Neural Topic Model (NTM) Algorithm - Amazon SageMaker

Neural Topic Model (NTM) Algorithm

Amazon SageMaker NTM is an unsupervised learning algorithm that is used to organize a corpus of documents into topics that contain word groupings based on their statistical distribution. Documents that contain frequent occurrences of words such as "bike", "car", "train", "mileage", and "speed" are likely to share a topic on "transportation" for example. Topic modeling can be used to classify or summarize documents based on the topics detected or to retrieve information or recommend content based on topic similarities. The topics from documents that NTM learns are characterized as a latent representation because the topics are inferred from the observed word distributions in the corpus. The semantics of topics are usually inferred by examining the top ranking words they contain. Because the method is unsupervised, only the number of topics, not the topics themselves, are prespecified. In addition, the topics are not guaranteed to align with how a human might naturally categorize documents.

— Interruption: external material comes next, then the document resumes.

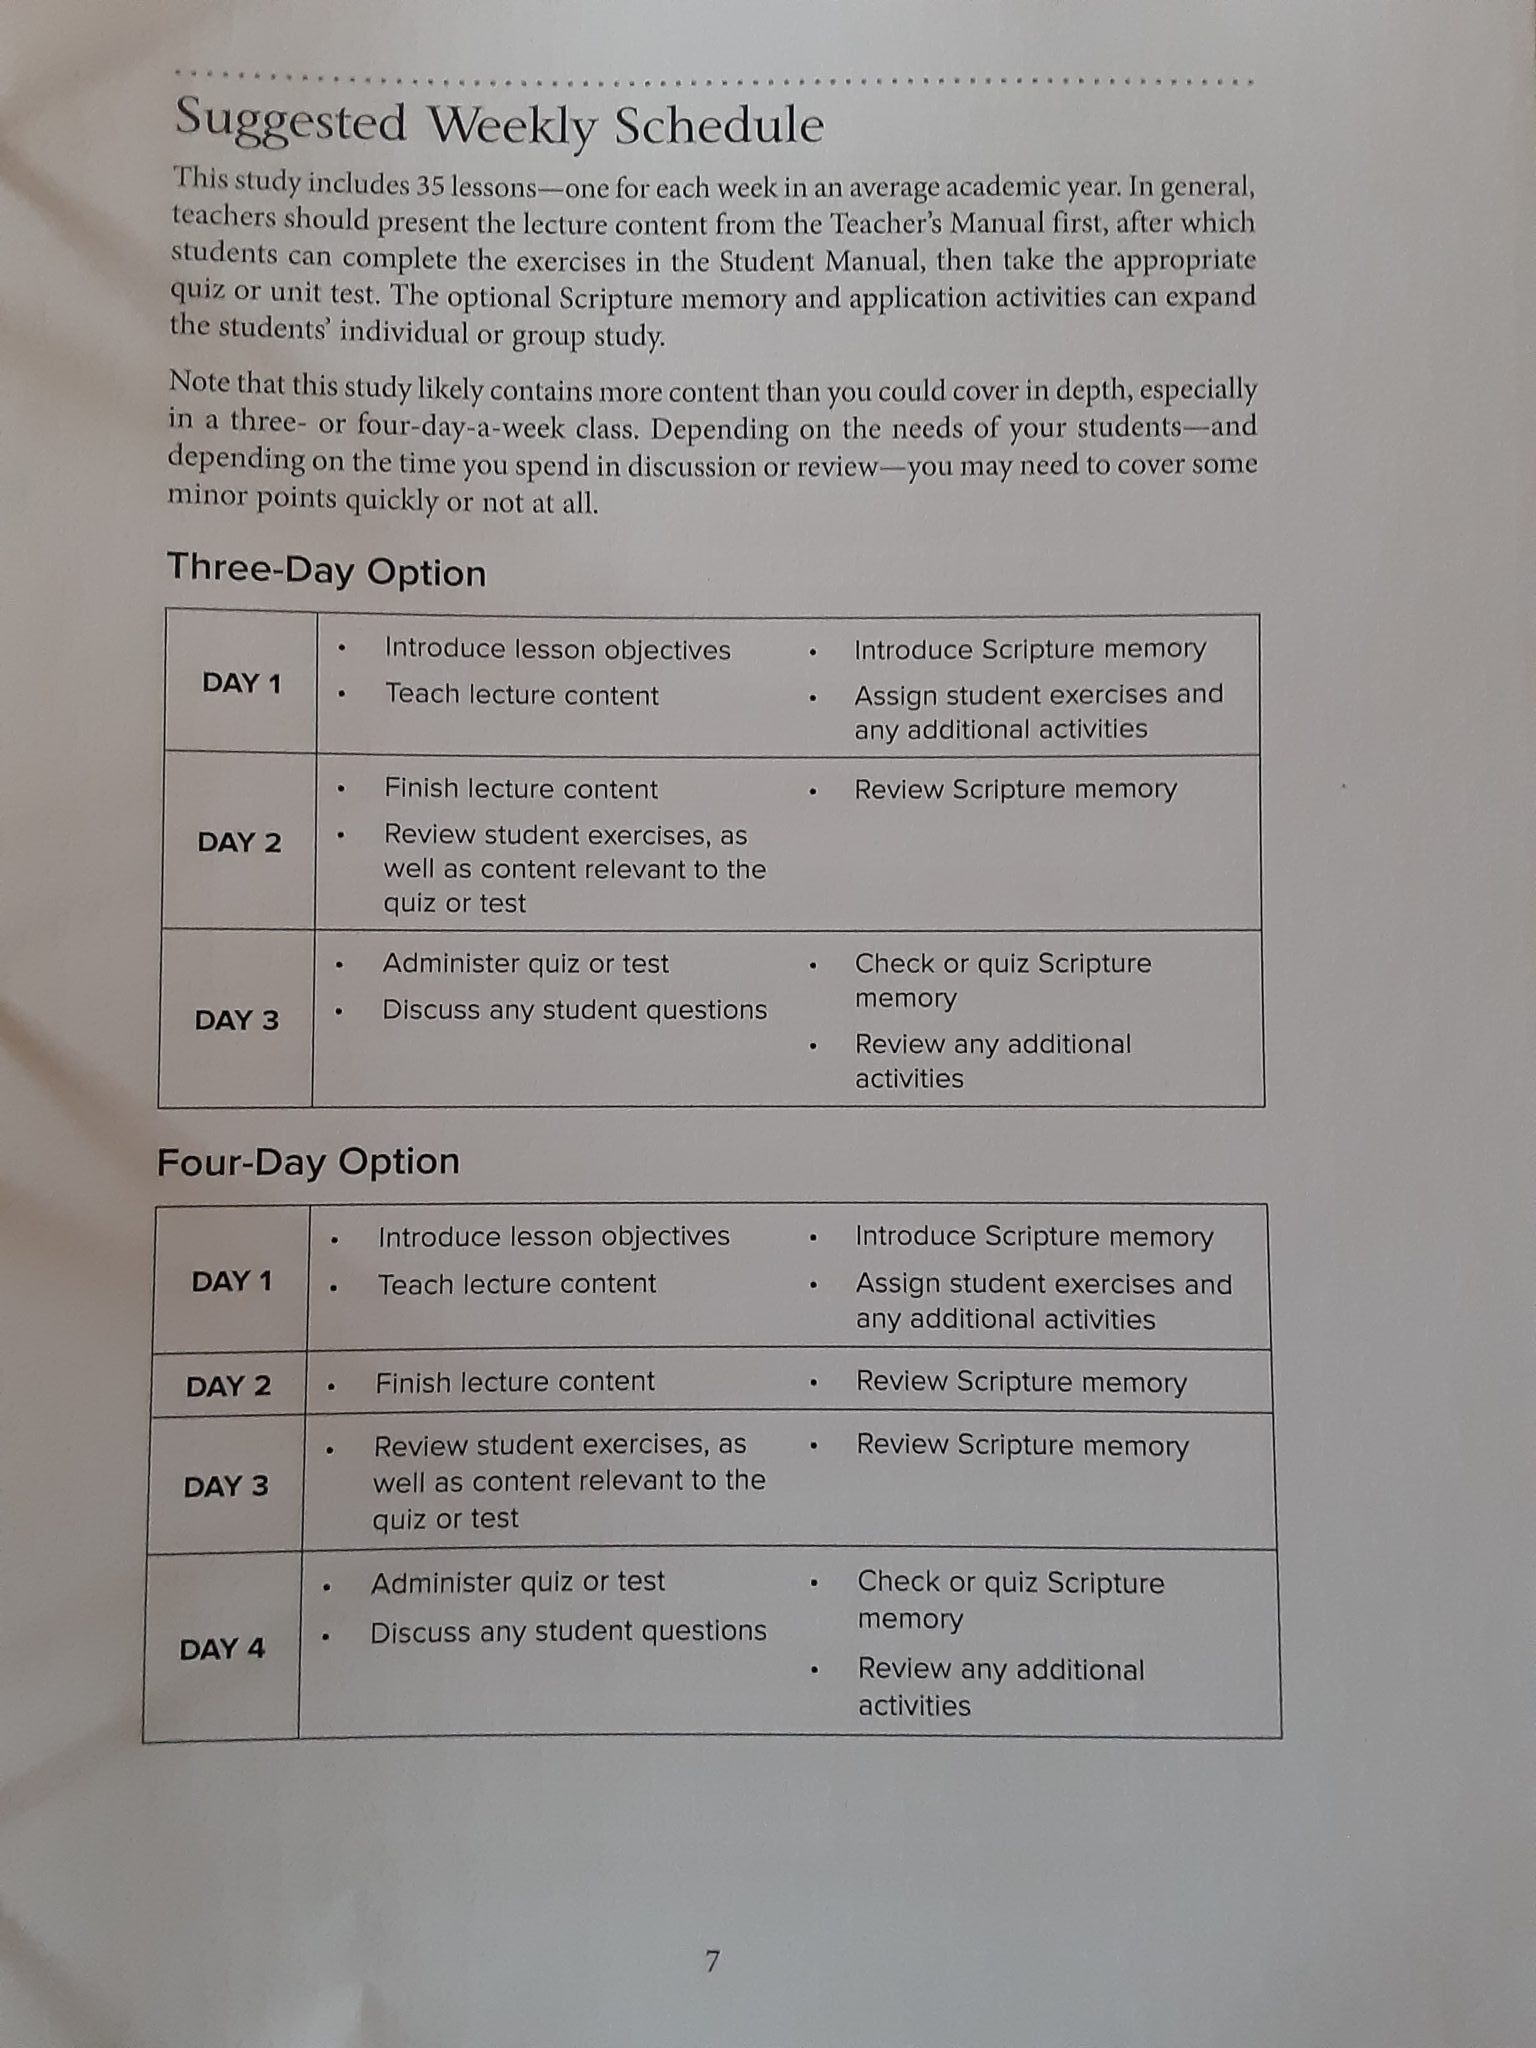 suggested schedule for three-day and four-day Bible Study shown

Topic modeling provides a way to visualize the contents of a large document corpus in terms of the learned topics. Documents relevant to each topic might be indexed or searched for based on their soft topic labels. The latent representations of documents might also be used to find similar documents in the topic space. You can also use the latent representations of documents that the topic model learns for input to another supervised algorithm such as a document classifier. Because the latent representations of documents are expected to capture the semantics of the underlying documents, algorithms based in part on these representations are expected to perform better than those based on lexical features alone.

Although you can use both the Amazon SageMaker NTM and LDA algorithms for topic modeling, they are distinct algorithms and can be expected to produce different results on the same input data.

For more information on the mathematics behind NTM, see Neural Variational Inference for Text Processing.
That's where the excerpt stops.